From: Greg Kroah-Hartman <gregkh@linuxfoundation.org>
To: linux-kernel@vger.kernel.org
Cc: Greg Kroah-Hartman <gregkh@linuxfoundation.org>,
stable@vger.kernel.org, Hugh Dickins <hughd@google.com>,
"Kirill A. Shutemov" <kirill.shutemov@linux.intel.com>,
Yang Shi <shy828301@gmail.com>,
Alistair Popple <apopple@nvidia.com>, Jan Kara <jack@suse.cz>,
Jue Wang <juew@google.com>,
"Matthew Wilcox (Oracle)" <willy@infradead.org>,
Miaohe Lin <linmiaohe@huawei.com>,
Minchan Kim <minchan@kernel.org>,
Naoya Horiguchi <naoya.horiguchi@nec.com>,
Oscar Salvador <osalvador@suse.de>, Peter Xu <peterx@redhat.com>,
Ralph Campbell <rcampbell@nvidia.com>,
Shakeel Butt <shakeelb@google.com>,
Wang Yugui <wangyugui@e16-tech.com>, Zi Yan <ziy@nvidia.com>,
Andrew Morton <akpm@linux-foundation.org>,
Linus Torvalds <torvalds@linux-foundation.org>,
Sasha Levin <sashal@kernel.org>
Subject: [PATCH 4.19 09/34] mm/thp: unmap_mapping_page() to fix THP truncate_cleanup_page()

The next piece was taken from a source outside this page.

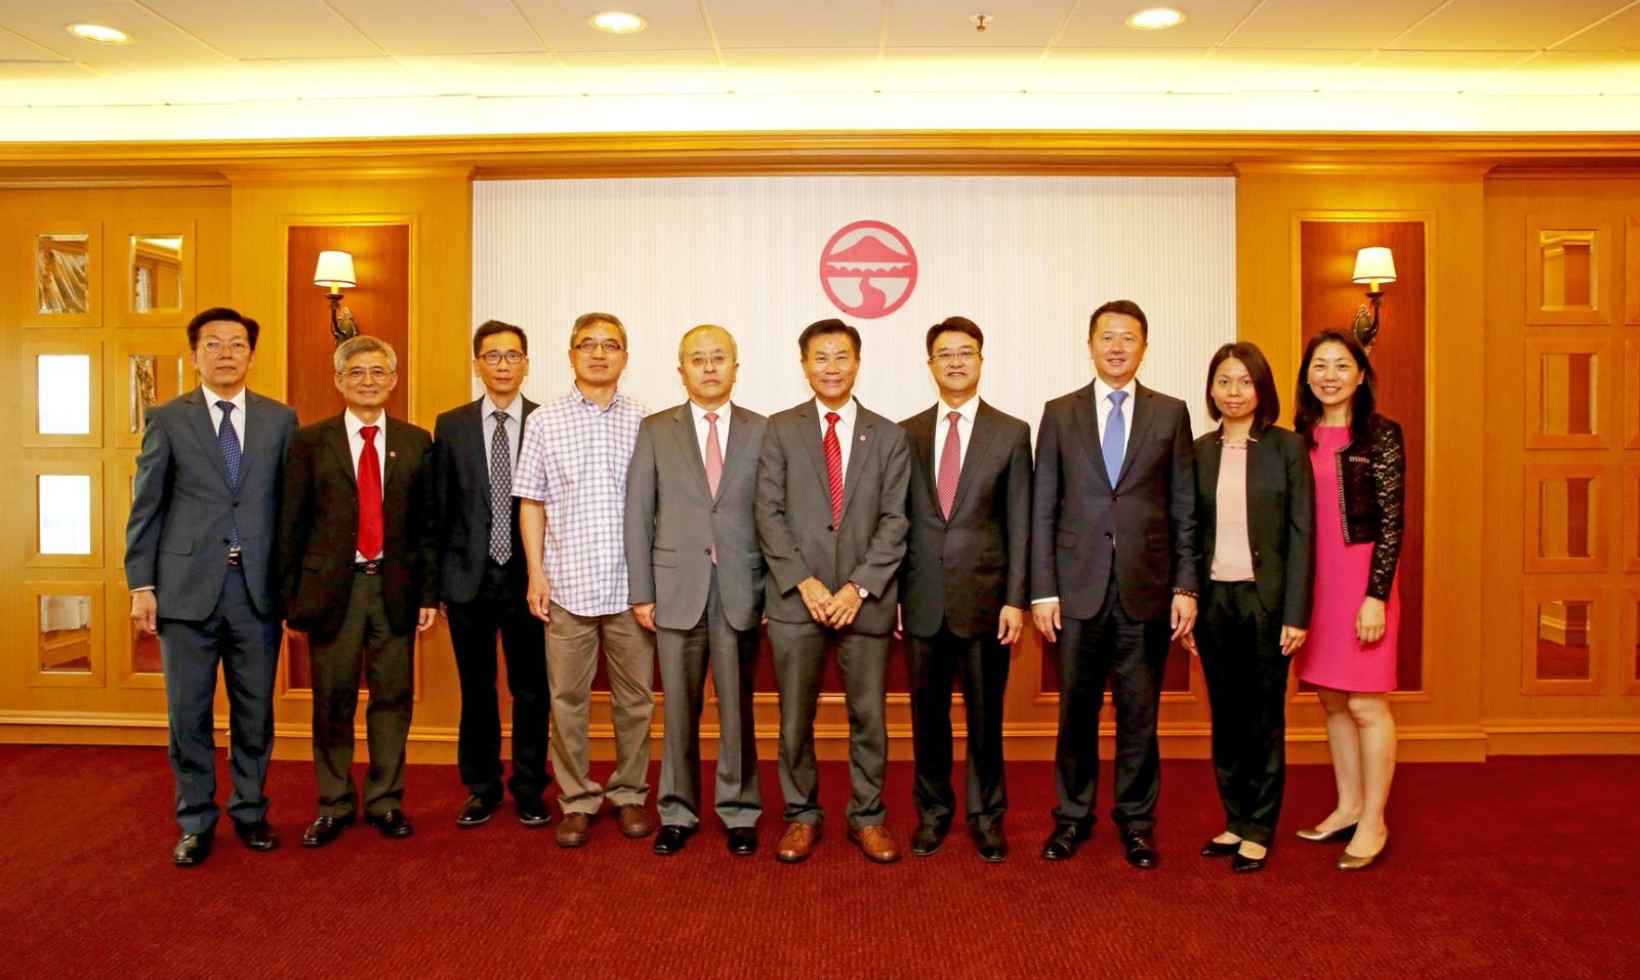 Lingnan University receives generous donation from CITIC Pacific to establish scholarships

Date: Fri, 9 Jul 2021 15:20:25 +0200 [thread overview]
Message-ID: <20210709131649.858659055@linuxfoundation.org> (raw)
In-Reply-To: <20210709131644.969303901@linuxfoundation.org>
From: Hugh Dickins <hughd@google.com>
[ Upstream commit 22061a1ffabdb9c3385de159c5db7aac3a4df1cc ]
There is a race between THP unmapping and truncation, when truncate sees
pmd_none() and skips the entry, after munmap's zap_huge_pmd() cleared
it, but before its page_remove_rmap() gets to decrement
compound_mapcount: generating false "BUG: Bad page cache" reports that
the page is still mapped when deleted. This commit fixes that, but not
in the way I hoped.
The first attempt used try_to_unmap(page, TTU_SYNC|TTU_IGNORE_MLOCK)
instead of unmap_mapping_range() in truncate_cleanup_page(): it has
often been an annoyance that we usually call unmap_mapping_range() with
no pages locked, but there apply it to a single locked page.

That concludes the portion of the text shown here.